Sunday, November 13, 2016

You catch more flies with honey than vinegar

Progressives may now be making the same mistake with Donald Trump that they made with Justice Clarence Thomas.

Rather than trying to engage with and co-opt Clarence Thomas as a new Supreme Court justice, they attacked him so fiercely and for so long over so little, that he has become their worst nightmare - for decades.

Now it is happening again. Donald Trump has indicated one reason he decided to run for President was because he was so widely and mercilessly mocked by Democrats for honestly questioning President Obama's apparent lack of a provably-valid birth certificate.

Prior to that, he was a happy Democrat.

So now, instead of befriending Trump and encouraging him to re-find his once-progressive opinions, progressives riot and protest in the streets as if he's still the next coming of Hitler. All they achieve that way is making him and his voters even more sure he made the right decision by running as a Republican.

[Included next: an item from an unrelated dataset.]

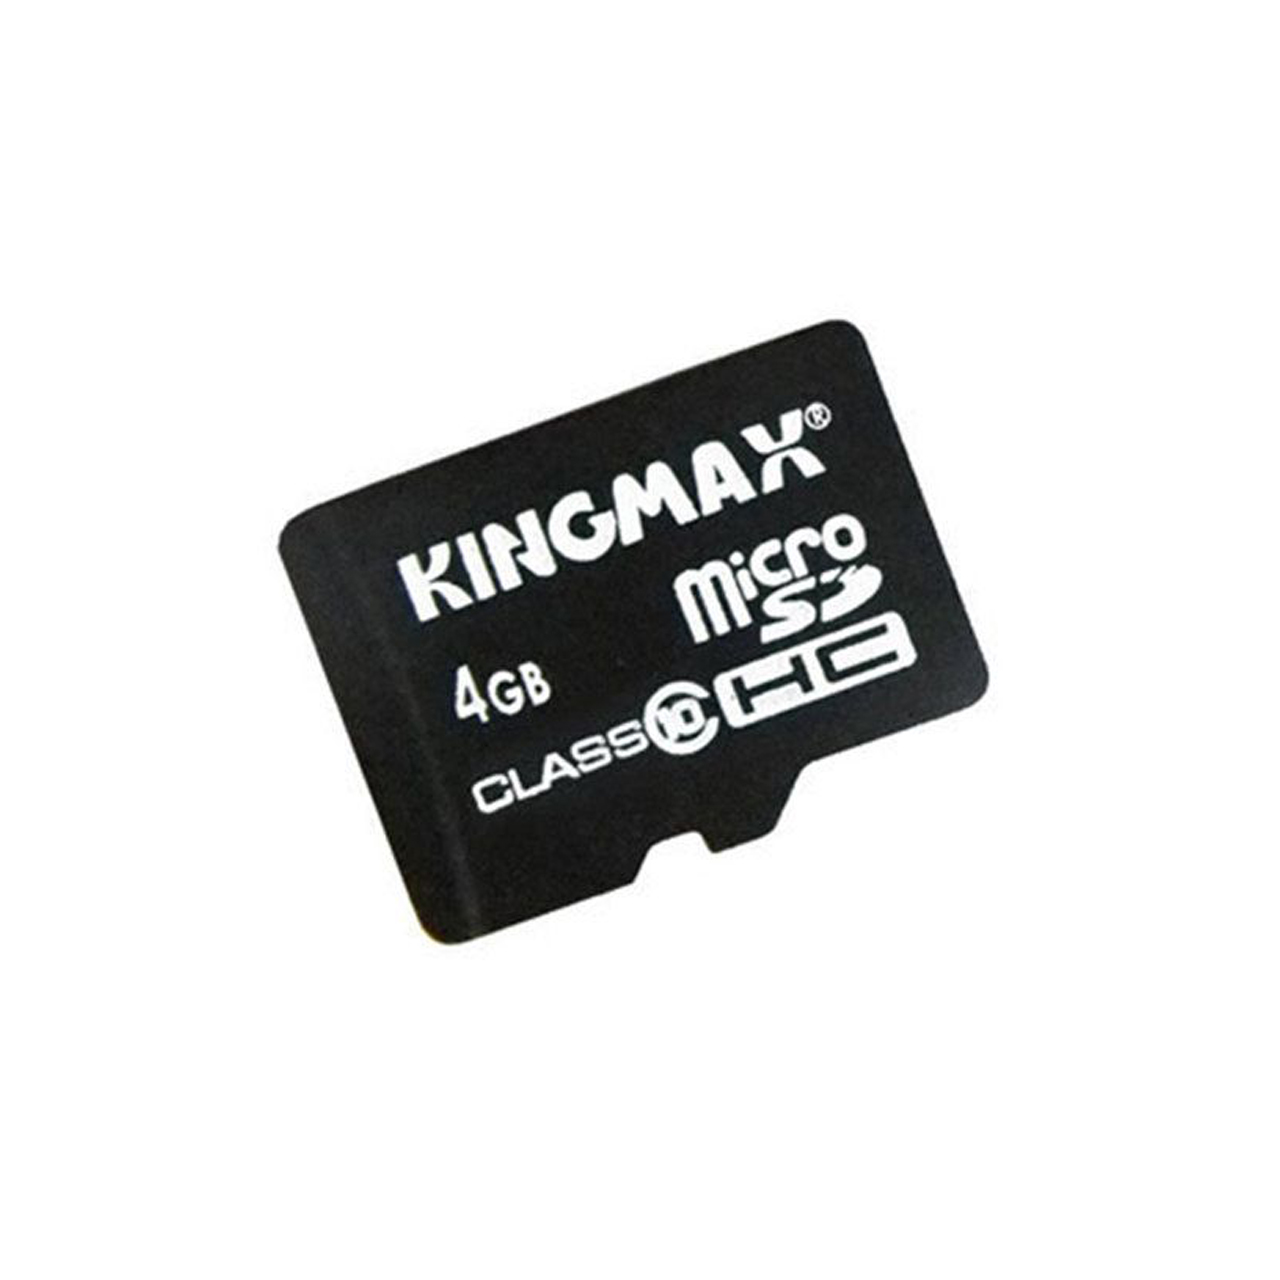 کارت حافظه microSDHC کینگ مکس کلاس 10 سرعت 10Mbps همراه با آداپتور SD ظرفیت 4 گیگابایت

Trump currently seems willing to lay down the hatchet; progressives would be wise to do the same while he's still willing to work with them on common problems.

Wednesday, May 11, 2016

Too soon old. Too late smart.

Learned a few things about IRAs this week:
1) Once you take an IRA distribution, it's ALL taxable, and as ordinary income, because it went in pre-tax.
2) If that makes you want to undo the distribution, a) you must do so within 60 days, and b) you can only undo 1 IRA distribution per 365 days.
3) There's no longer multi-year income averaging for anyone but farmers and fishermen.
4) You can only deduct up to half of your adjusted gross income as a charitable contribution in any one year. (The rest can be deducted in a future year.)
5)This is not a problem when you rollover money from one IRA directly to another IRA, even with different companies.
6) It's also not a problem with Roth IRAs, which are taxfree when distributed. (However, unless you need the money, a Roth may be even more useful as a way to benefit grandkids.)
7) Once you reach age 70-1/2, you have to take a required minimum distribution, but you can take it from any of your IRAs, so long as you take enough to meet the requirement for all IRAs (about 3.65% in the first year, rising slowly thereafter under an IRS-supplied formula.)
8) If you don't need part or all of your RMD, you can have your IRA donate it directly to a 501(c)(3) charity, which
a) avoids all taxes on up to a $100K donation per year for both you and the charity, and
b) cannot also be declared as a tax deduction (because it's not part of your income.)
9) The charity you can designate for this may [Update: NOT] be a donor-advised fund, such as VanguardCharitable.org or T Rowe Price's ProgramForGiving.org. That way, you can give the RMD immediately, but decide later which specific 501(c)(3) charities get donations from the donor-advised fund, on what schedule and for what purpose. Better yet, once set up, such funds can continue for generations. [Update: Still a great way to channel charitable contributions, but cannot yet be legally used to receive RMDs.]
Long story short: As of today, "The Strasma Family Fund" at VanguardCharitable.org now exists as a way to help our church and favorite charities benefit more, both now and into future generations, while lowering our tax bracket from a too-large initial IRA distribution that can no longer be undone.
Yep, this is deep stuff, covered nicely in a "It's Your Wealth" class a neighbor and I are taking at the local senior center sponsored by feelincontrol.org I only wish I'd known all this before taking any IRA distributions. Oh well. "Too soon old. Too late smart."
(Note: also posted on Facebook and Google Plus.)

Update 12/10/17: I just discovered one further consequence of the unfortunate home purchase IRA withdrawal that led to the above post: If you take enough out of an IRA that it puts you in a high income bracket one year, you also get hit a year later with a much increased cost for Medicare for the next year, in my case up more than double. Overall, an expensive lesson. It would have been better to buy the home with a 5 year loan than IRA cash, as that would have had the effect of income averaging the IRA withdrawals.